Peintre, sculpteur, designer, homme de télévision et graphiste, Freddy Ruhlmann était un créateur protéiforme. Une exposition présentée par la Maison de la Région rend hommage à cet humaniste natif de Strasbourg pétri d’une insatiable curiosité.

Qu’y a-t-il de commun entre le Trophée du Prix d’honneur de la Fondation Alsace, le service du Lycée hôtelier Alexandre Dumas, un documentaire sur Tomi Ungerer intitulé À angle droit, des peintures aux couleurs vibrantes inspirées par le Quatuor pour la fin du Temps de Messiaen, la maquette du Nouveau Dictionnaire de biographie alsacienne et une étiquette toute en épure pour le domaine Marc Kreydenweiss ? Tous sont l’œuvre de Freddy Ruhlmann (1941-2004). Une exposition permet de mieux connaître un homme trop discret dont on n’avait guère eu la possibilité de voir, jusque-là, l’œuvre peint et sculpté. L’occasion est belle de découvrir des toiles où se mêlent les matières (bitume de Judée, pâte d’acier…) à la composition rigoureuse : ici, un visage à peine esquissé, la bouche grande ouverte semblant pousser un silencieux cri – Munch n’est pas loin – au cœur d’un maelström d’une intense tristesse de pigments rouges et bleus. Là, des carrés de couleur forment des assemblages verticaux d’une grande douceur et d’une implacable logique, rappelant avec force que Nicolas de Staël fut une figure tutélaire pour l’artiste alsacien. Ailleurs encore se découvre une variation graphique inquiétante sur les Pièces de guerre du dramaturge britannique Edward Bond, où se glisse, presque par effraction, un éclat d’espoir.

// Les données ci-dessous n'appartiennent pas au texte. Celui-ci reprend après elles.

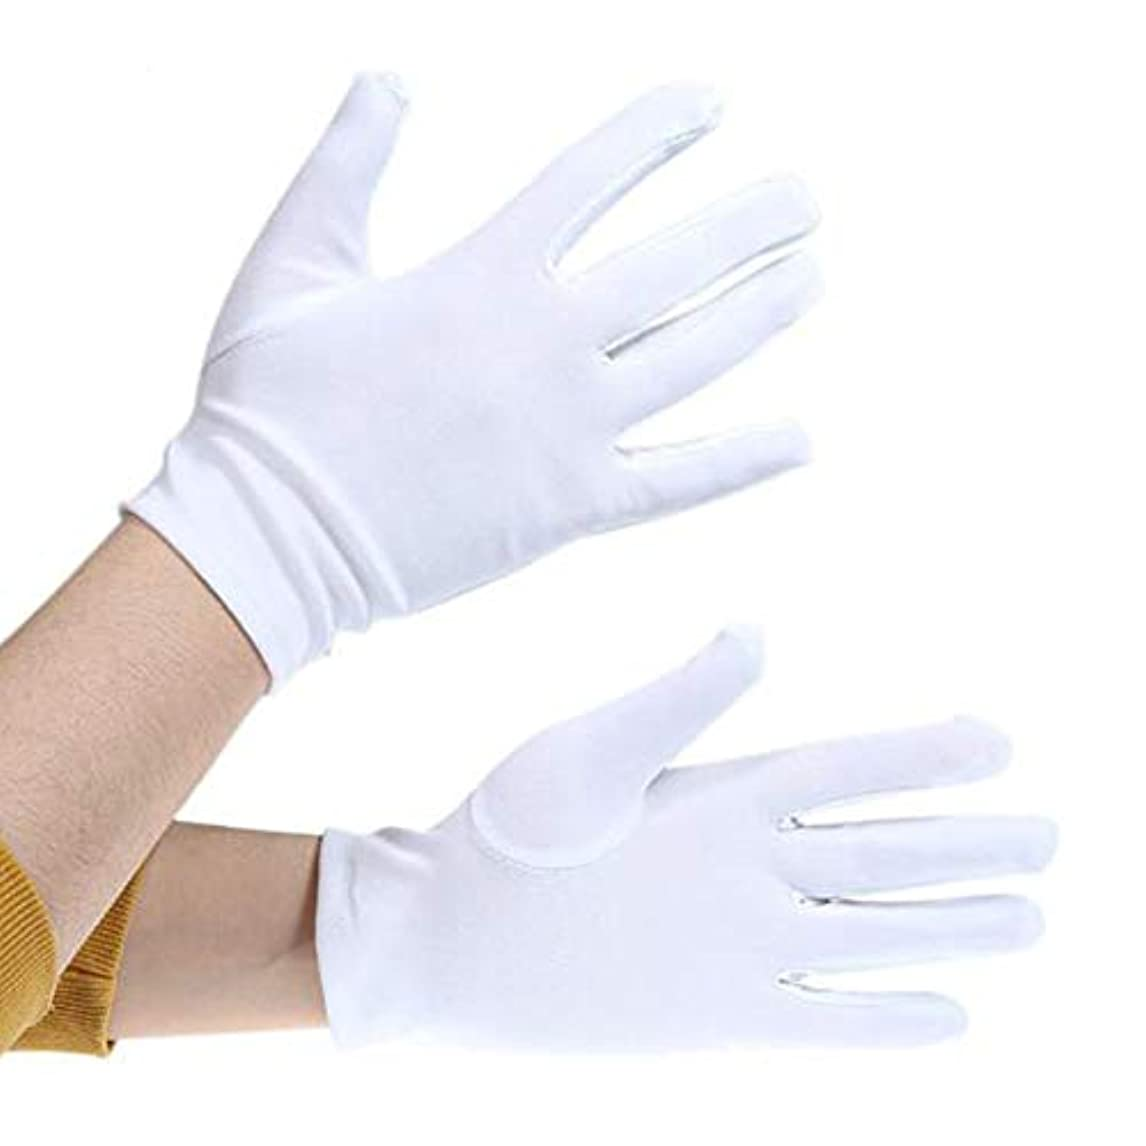 彫るきしむ巡礼者白手袋薄 礼装用 ジュエリーグローブ時計 貴金属 宝石 接客用 品質管理用 作業用手ぶくろ,保護着用者

Une tête de profil revient de manière obsessionnelle dans les peintures et les sculptures, évoquant, à la fois, les personnages emblématiques de l’œuvre graphique de Jean Cocteau et les visages tant de fois dessinés par Camille Claus dans l’attachante mythologie rhénane qu’il créa. Cette “signature” de Freddy Ruhlmann possède pourtant une belle singularité. Elle se retrouve sculptée dans l’ardoise (un homme et une femme se font face, se rejoignant dans un muet et tendre baiser), à peine esquissée sur le papier, comme une trace évanescente, parfois à peine perceptible, ou encore stylisée, réduite à ses traits essentiels, dans les dorés Témoins du siècle et du millénaire. Ces dernières sont de petites figurines trapues et sensuelles inspirées des statuettes placées dans les maisons sumériennes pour susciter la réflexion chez leur propriétaire. « Impératif et attentif, totalement perméable à l’essentiel, il est sentinelle et repère » écrivit l’artiste à propos de l’un d’eux… comme un fulgurant résumé de cette exposition.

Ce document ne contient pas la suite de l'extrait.